Given the ellipse below, if I try to find a point that intercects the ellipse at an angle $\theta$ I need to get the coordinates $x = a cos(\theta)$ and $y = b sin(\theta)$. The issue is that this parametric form will give me the point at the black dot when the correct one should have been the yellow dot. Researching online I found this website https://www.petercollingridge.co.uk/tutorials/computational-geometry/finding-angle-around-ellipse/ that provides a formula to get the real angle $\phi$ for an ellipse and it works: $$ \phi = atan(a\sin(\theta)/b\cos(\theta))\;\; x = a \cos(\phi) $$ Notice that we're doing $a\sin(\theta)$ instead of $a\cos(\theta)$.

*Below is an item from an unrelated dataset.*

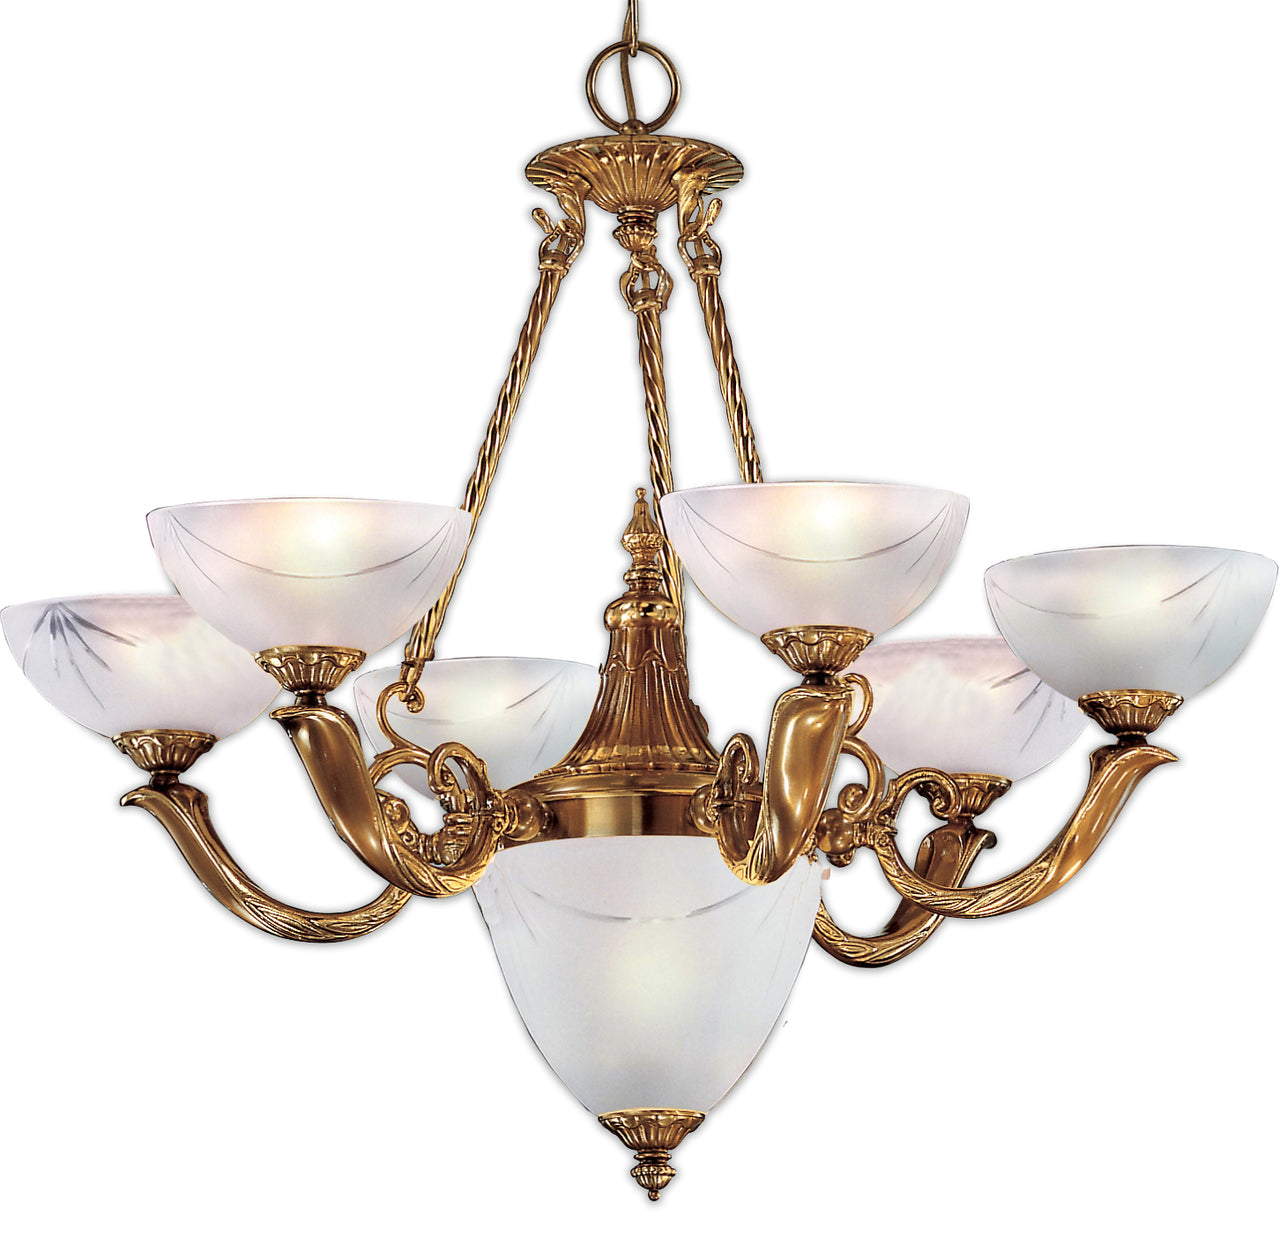 Classic Lighting 5657 ABZ Valencia Traditional Chandelier in Antique Bronze (Imported from Spain)
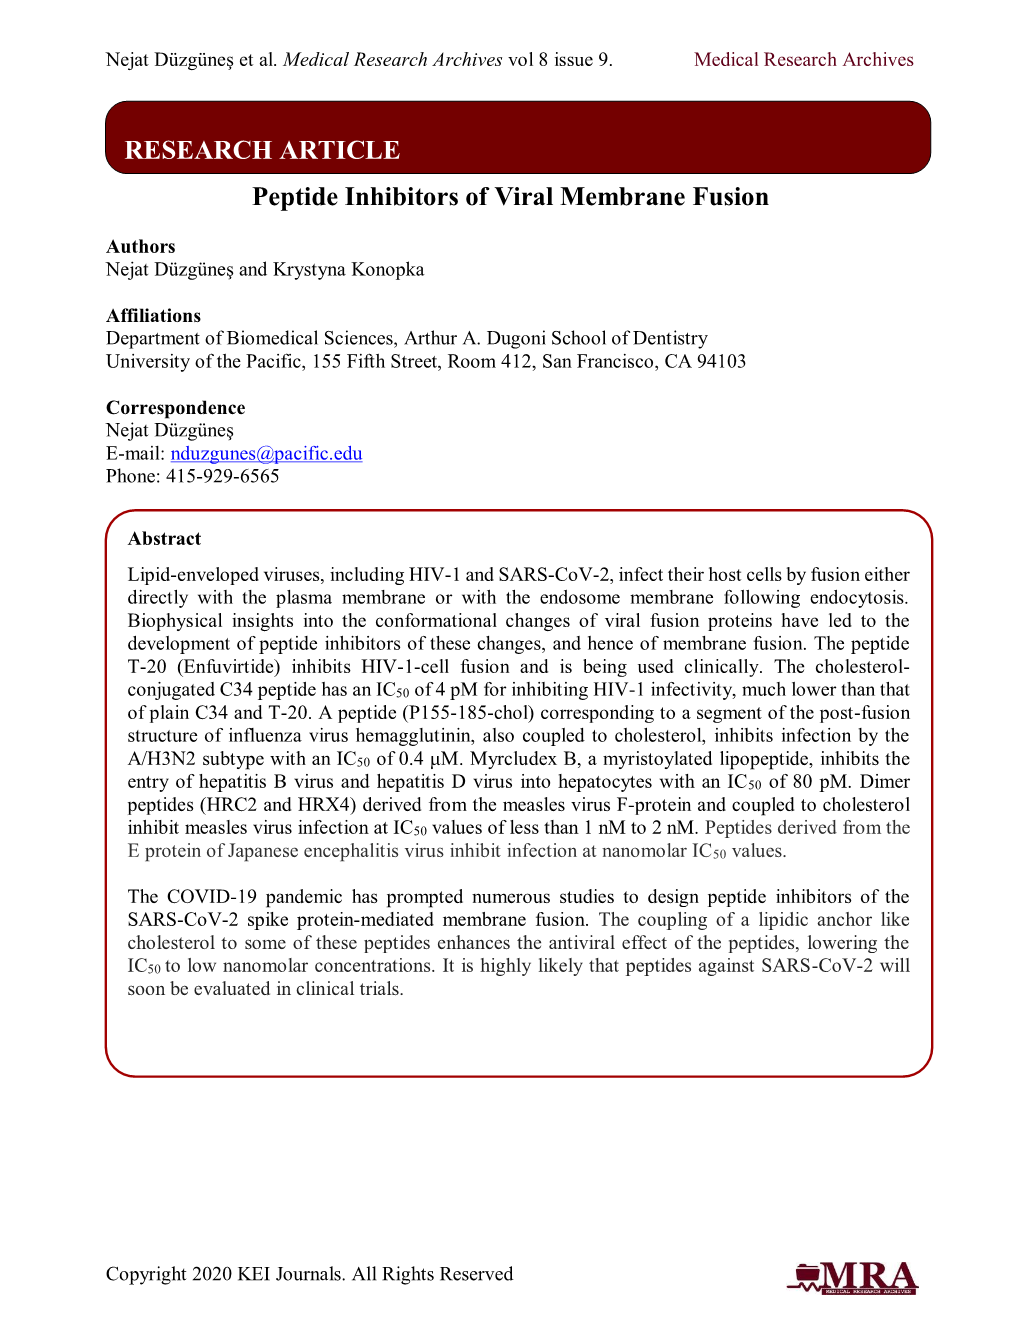 Peptide Inhibitors of Viral Membrane Fusion RESEARCH ARTICLE

This angle $\phi$ is different from the angle $\theta$ and im trying to understand what exactly it represents and why this formula works. What's the intuition behind it?
I created this project to show the issue: https://www.khanacademy.org/computer-programming/angle-of-ellipse/6148205981515776
A point on the ellipse is given parametrically as $P = ( a \cos \theta, b \sin \theta)$. $\theta$ here is the parameter called the eccentric angle. To express $P$ in terms of the actual angle $\phi$ we have to write
$ P = r ( cos \phi, \sin \phi ) $
Here $\phi$ is the polar angle. Dividing $y$ by $x$ in both representations
$\dfrac{y}{x} = \dfrac{ b \sin \theta }{a \cos \theta} = \tan \phi $
Hence,
$ \phi = \tan^{-1} \left( \dfrac{ b \sin \theta }{a \cos \theta} \right) = \tan^{-1} \left( \dfrac{b}{a} \tan \theta \right) $
$\phi$ is the angle that the vector extending from the origin to the point $P$ makes with the positive $x$-axis.